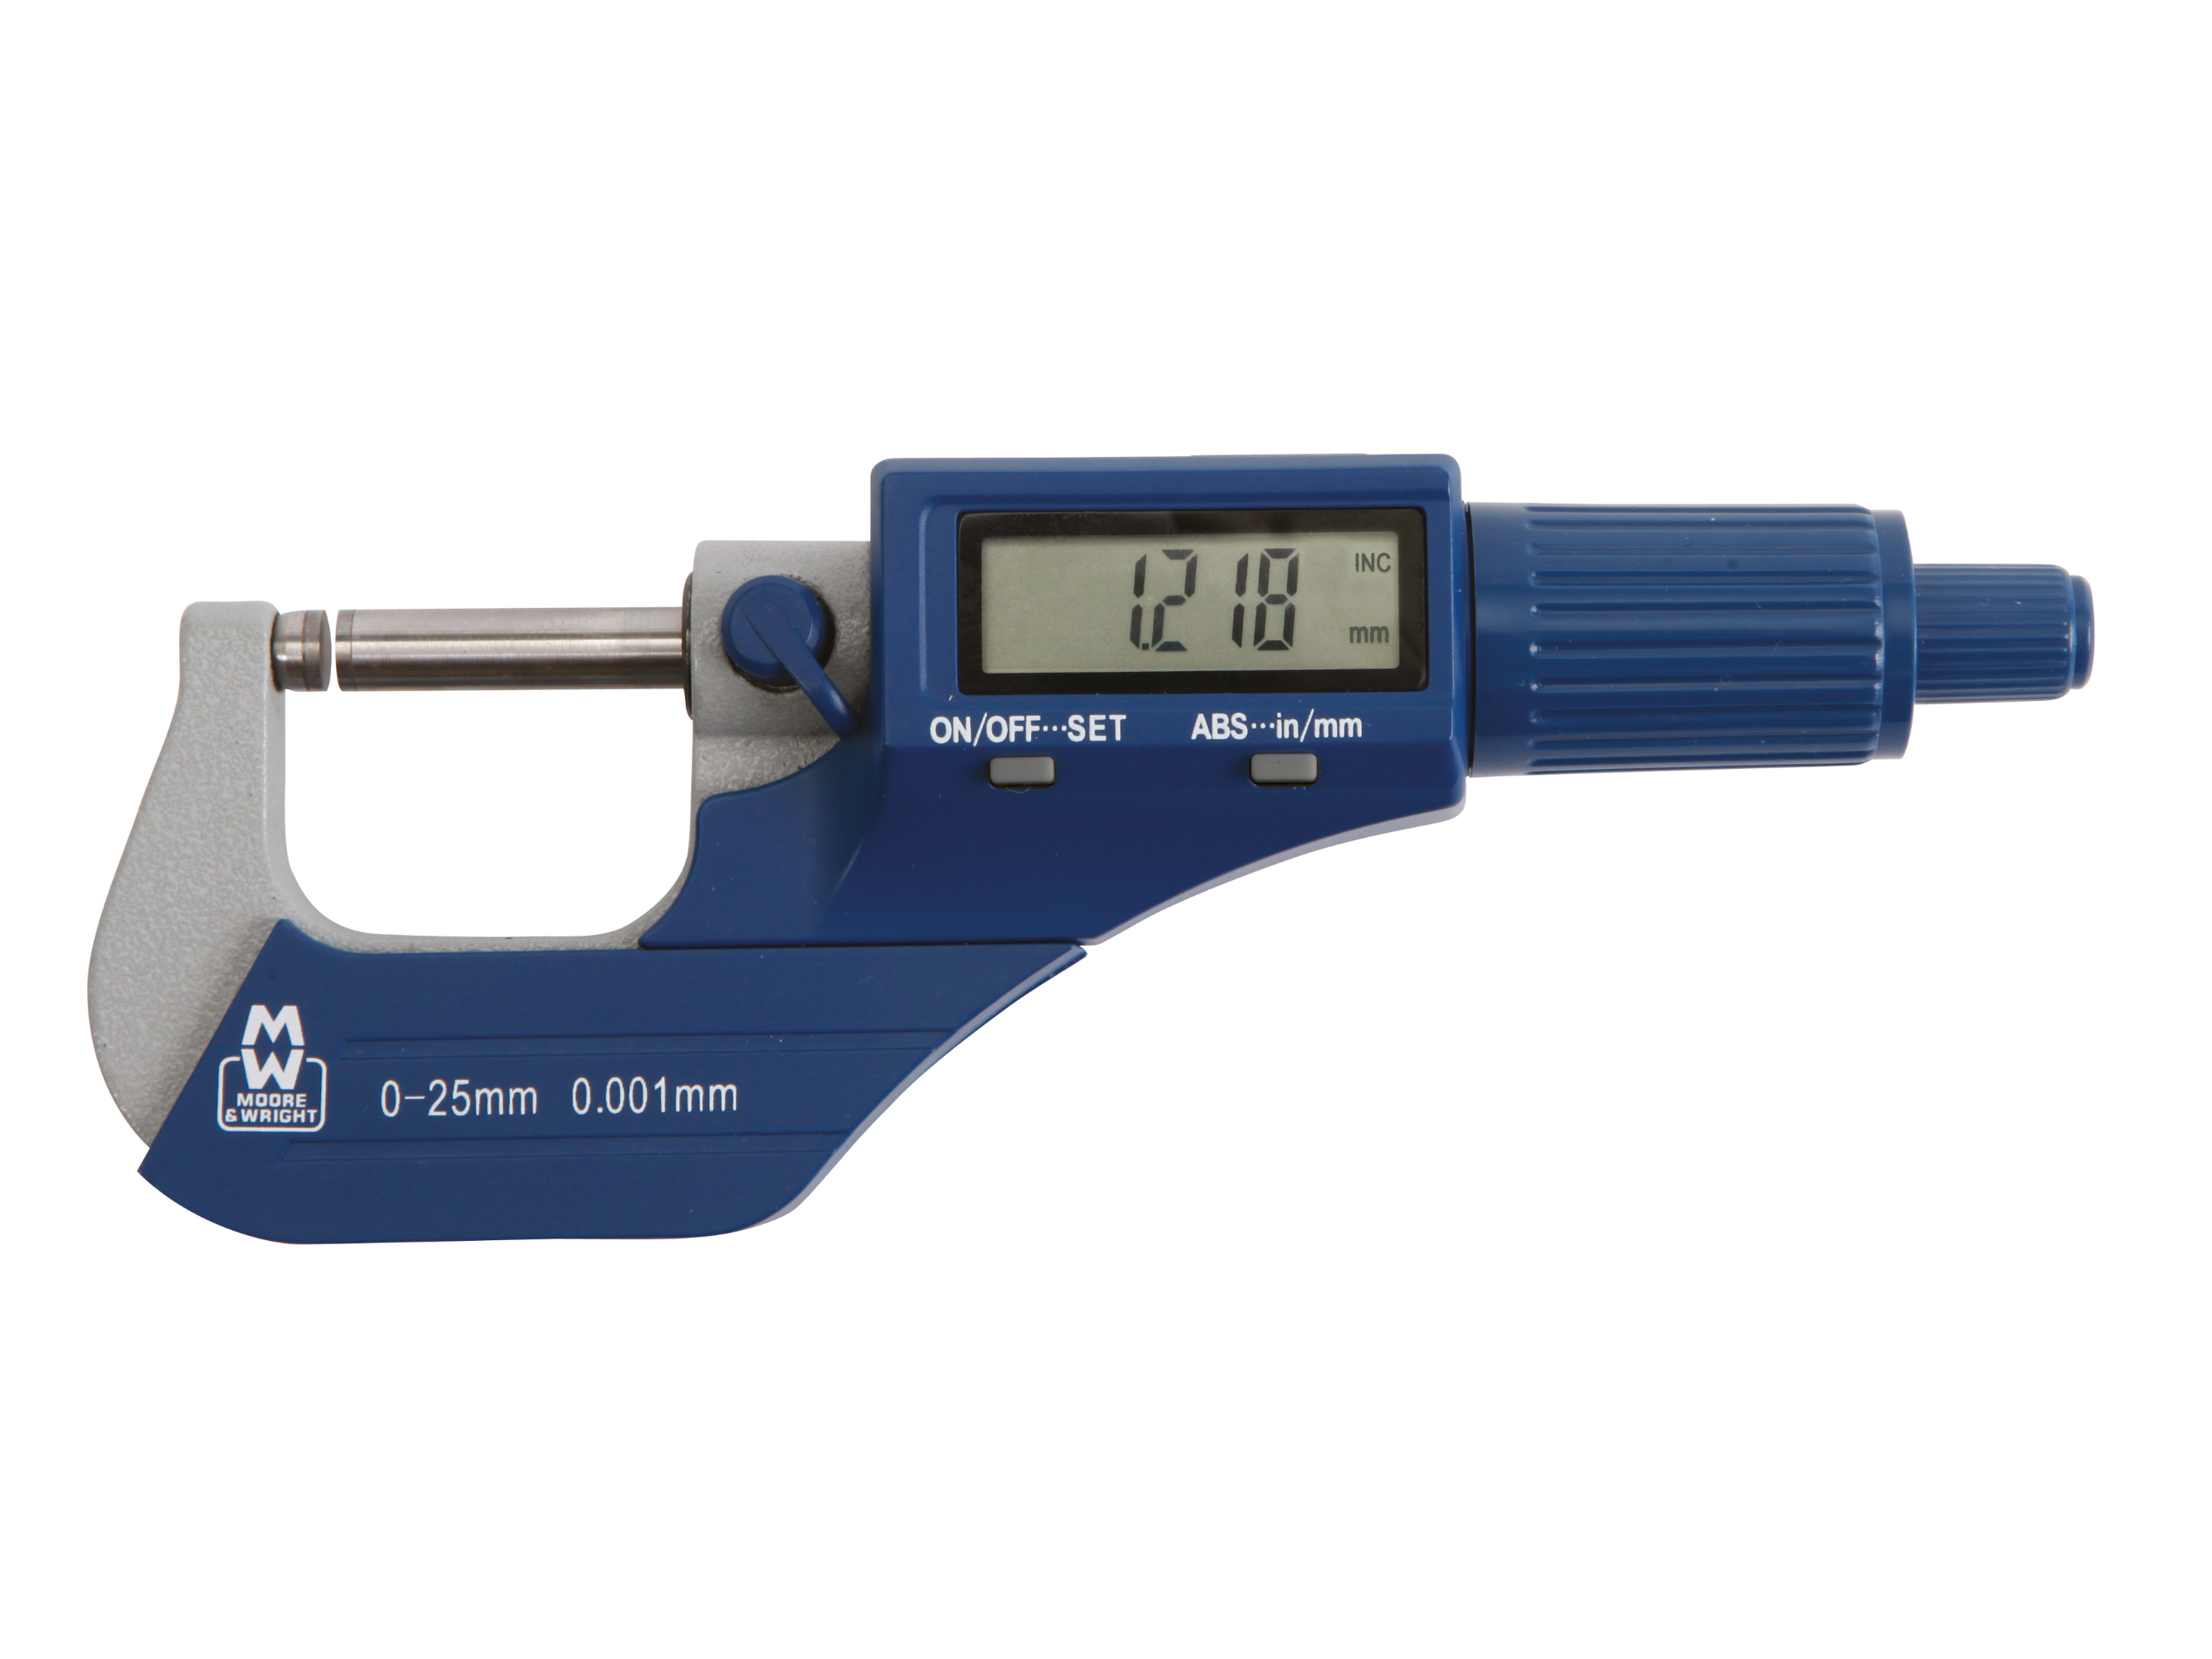 Workshop Digital Micrometer 50-75mm 0.001mm MW200-03DBL
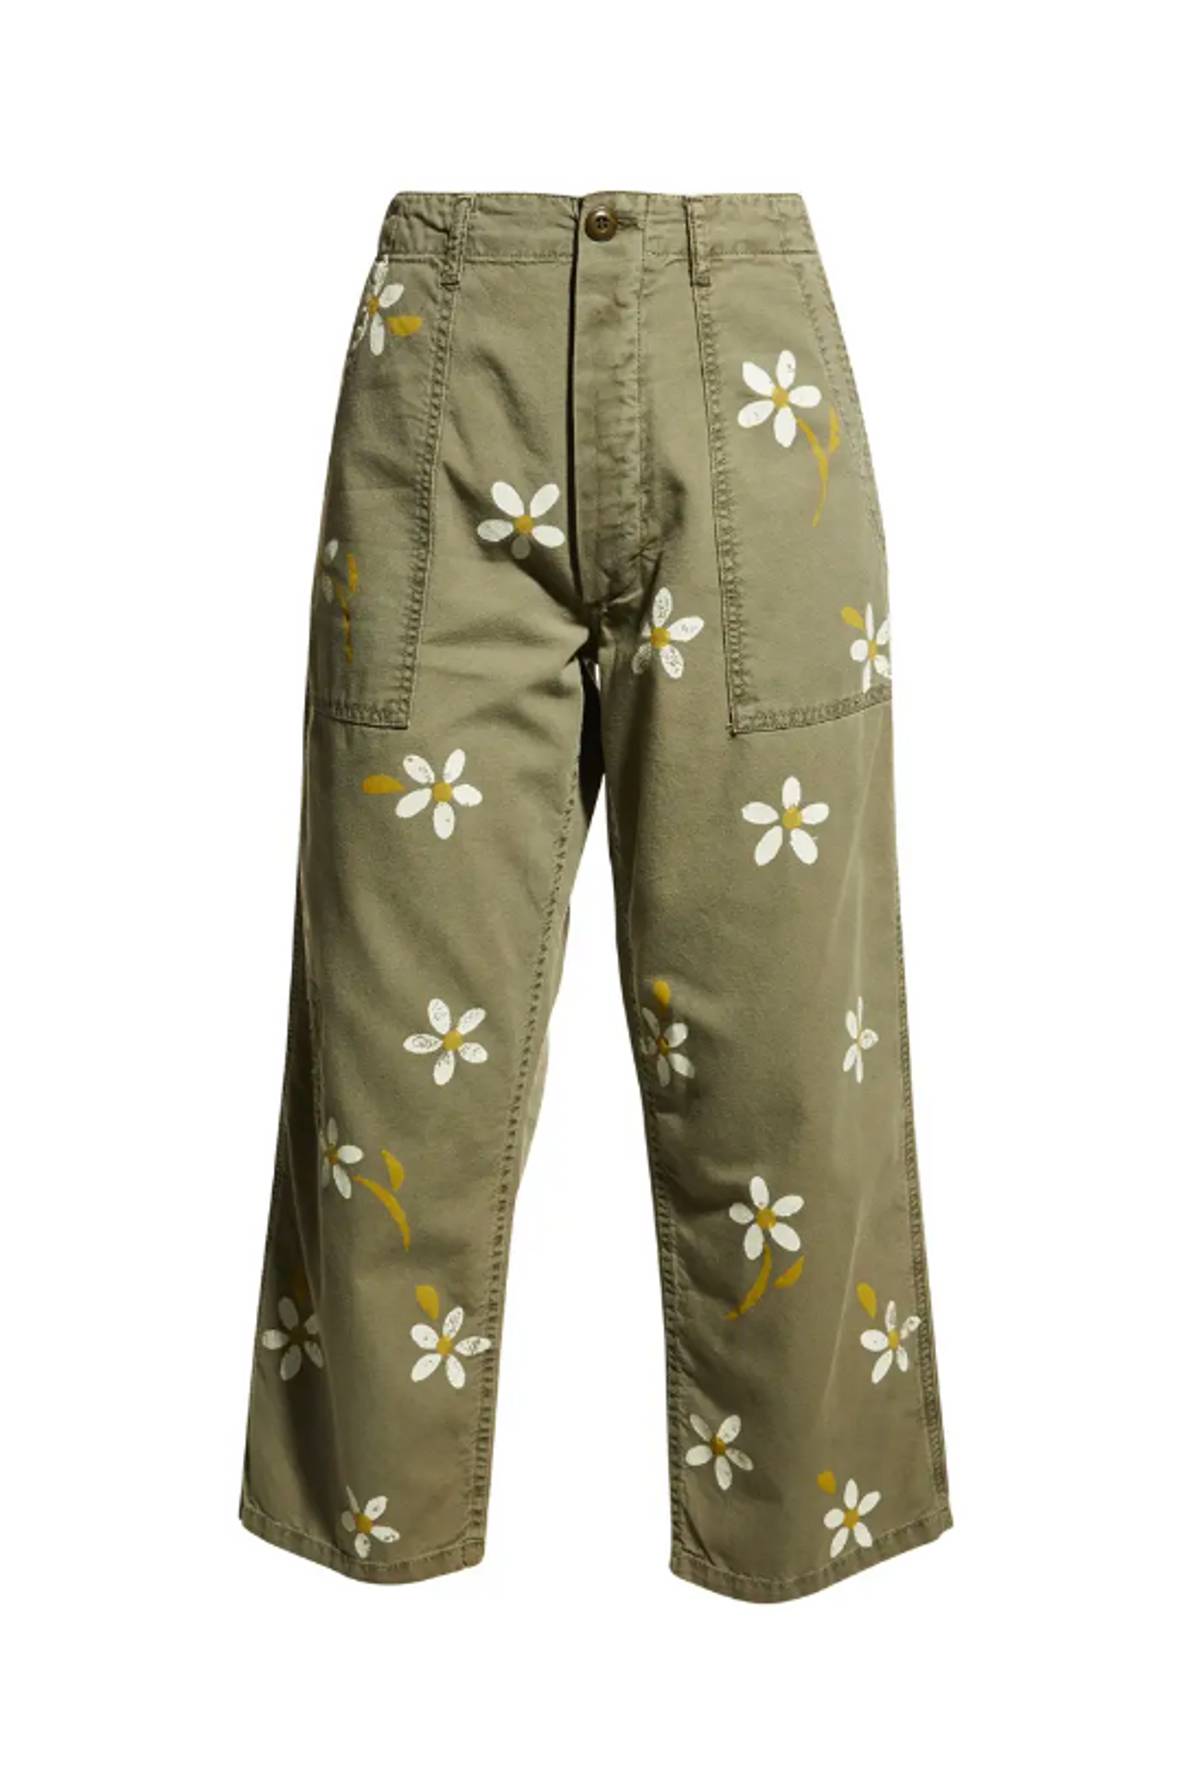 Vintage Army Floral Printed Pants
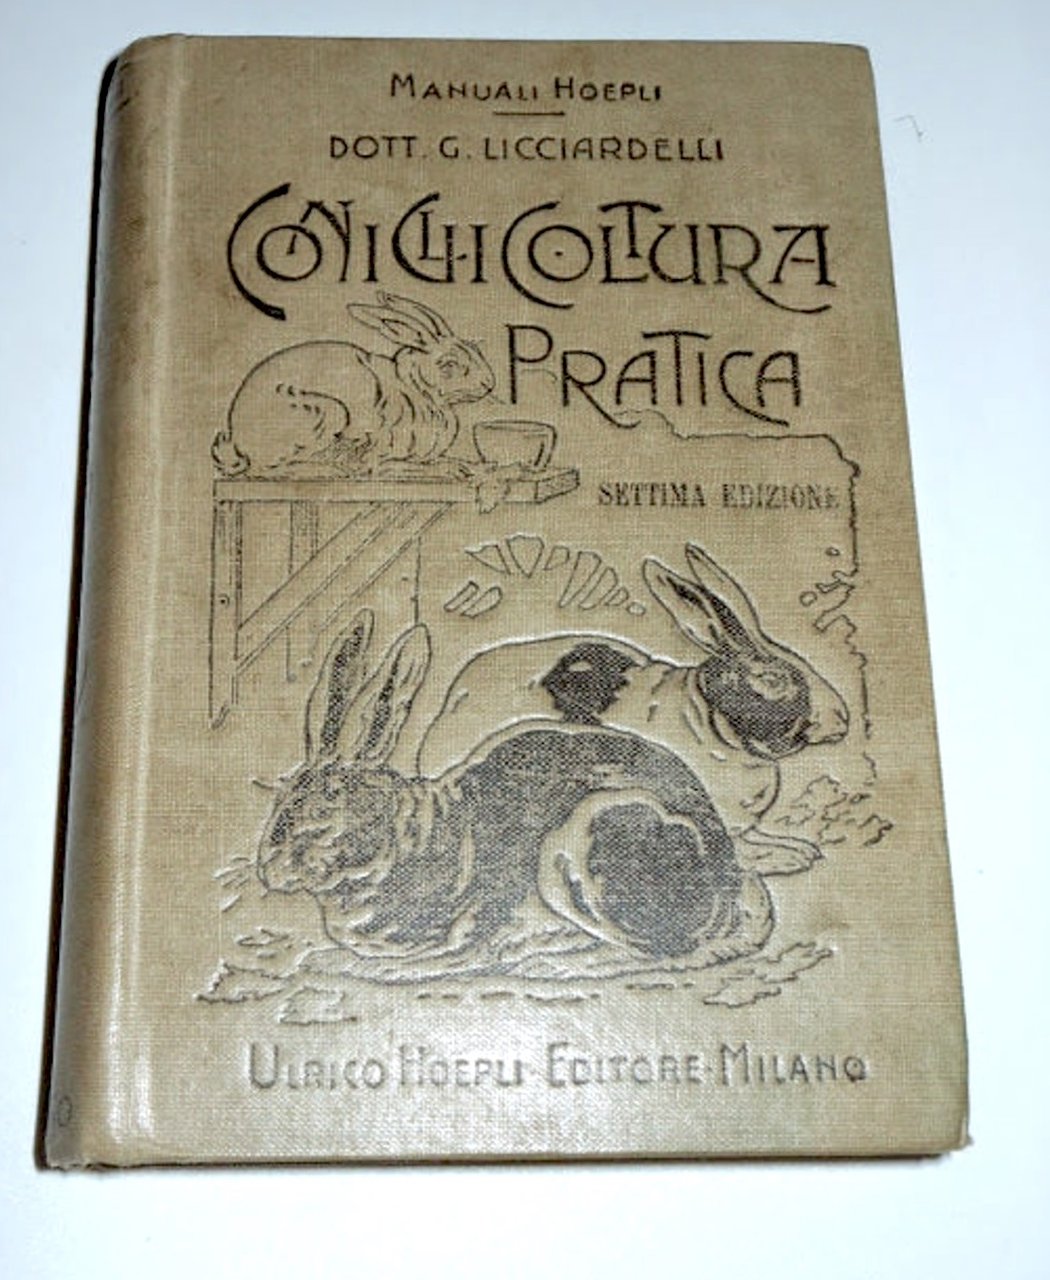 Manuali Hoepli - Coniglicoltura pratica - ed. 1918
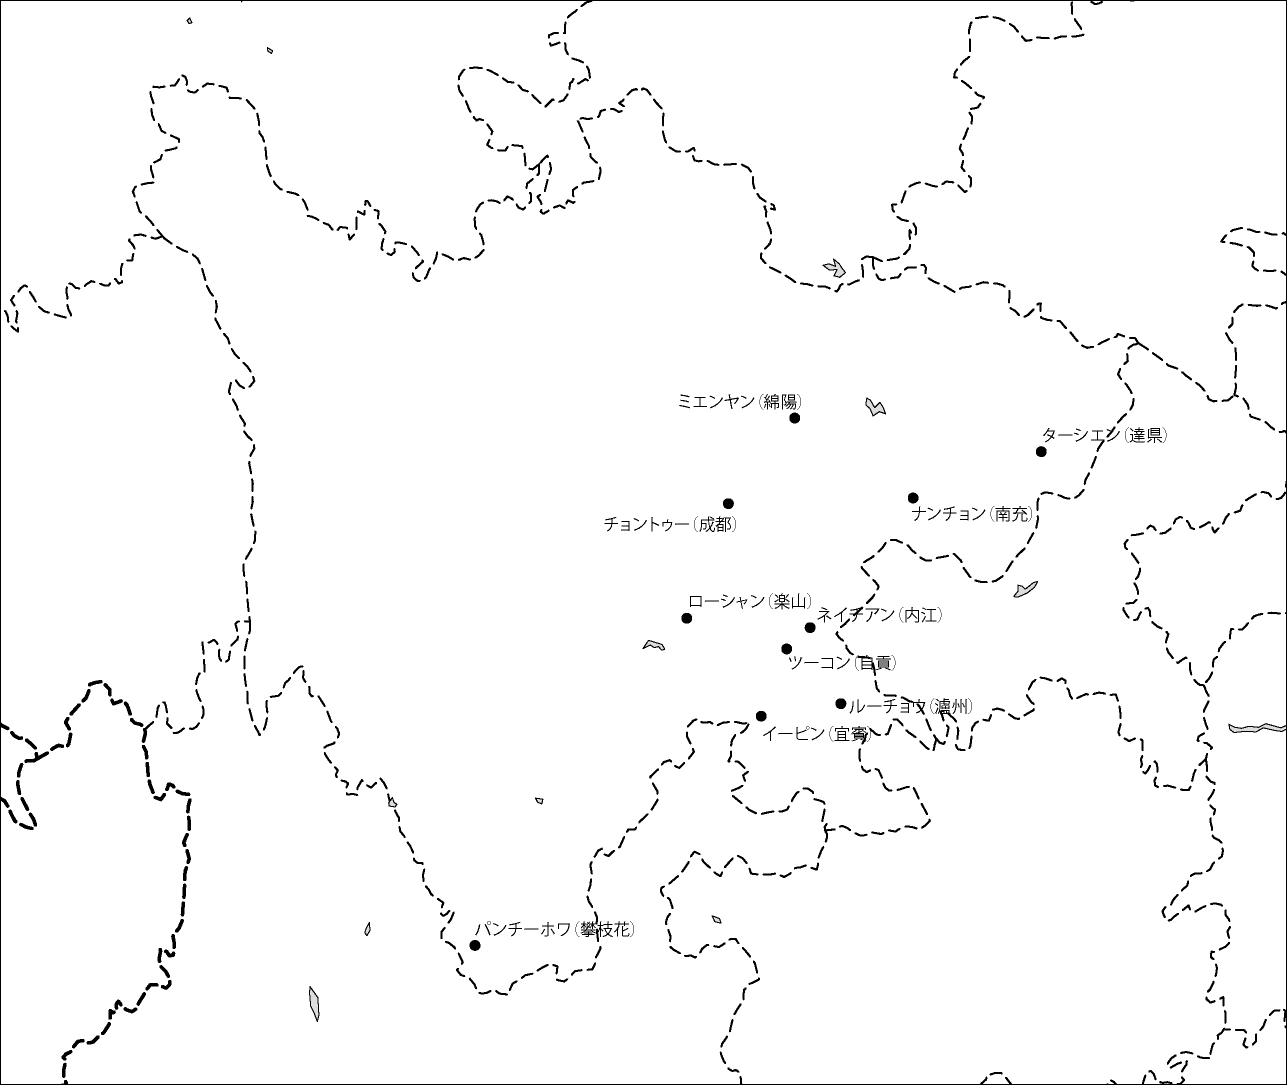 四川省白地図(主な都市あり)のフリーデータの画像

________________________________________

Exercise brief:
I'd like the material duplicated exactly, without its pictures.

Finished task:
 Workshop Digital Micrometer 50-75mm 0.001mm MW200-03DBL
 Vintage Army Floral Printed Pants
 Manuali Hoepli - Coniglicoltura pratica - ed. 1918
 四川省白地図(主な都市あり)のフリーデータの画像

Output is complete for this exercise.